▶ YOUR INSTRUCTIONS:
Your task is to extract every entry that follows word for word while excluding the pictures.

▶ DATA SUPPLIED:

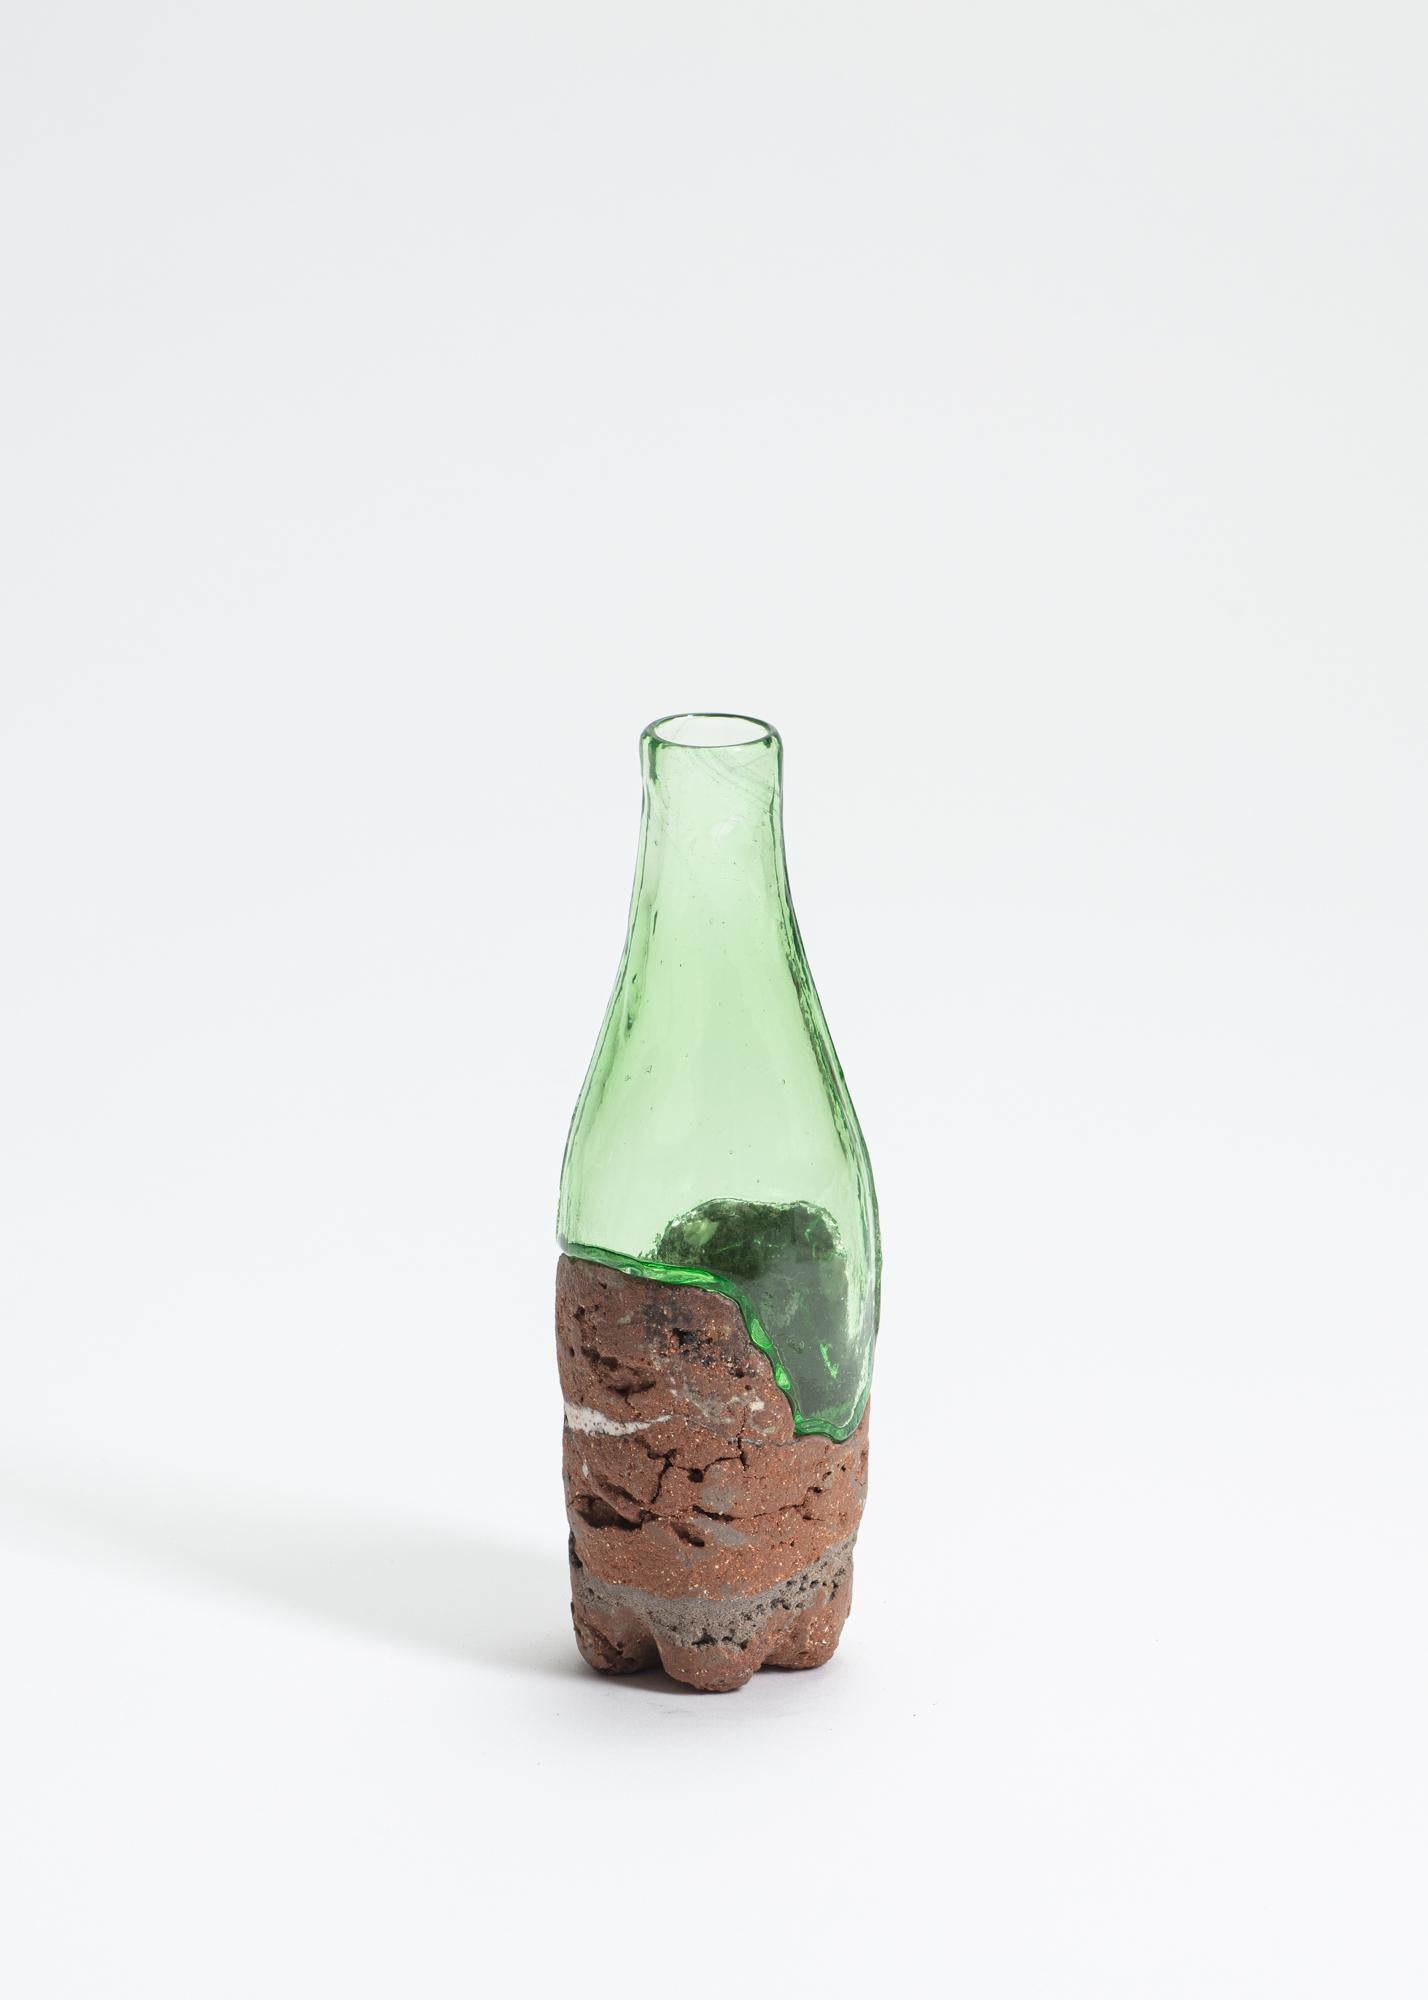 FUWA FUWA, Nr. 3 Flasche von Yusuke' Y. Offhause
Das Werk ist ein Unikat und besteht aus zwei Teilen (Keramik und Glas).
Abmessungen: T 6,5 x B 6,5 x H 20 cm.
MATERIALIEN: Steingut, Porzellan, Glas.

Yusuke' Y. Offhause:

▶ ANSWER SECTION:
 FUWA FUWA, Nr. 3 Flasche von Yusuke' Y. Offhause
Das Werk ist ein Unikat und besteht aus zwei Teilen (Keramik und Glas).
Abmessungen: T 6,5 x B 6,5 x H 20 cm.
MATERIALIEN: Steingut, Porzellan, Glas.

Yusuke' Y. Offhause:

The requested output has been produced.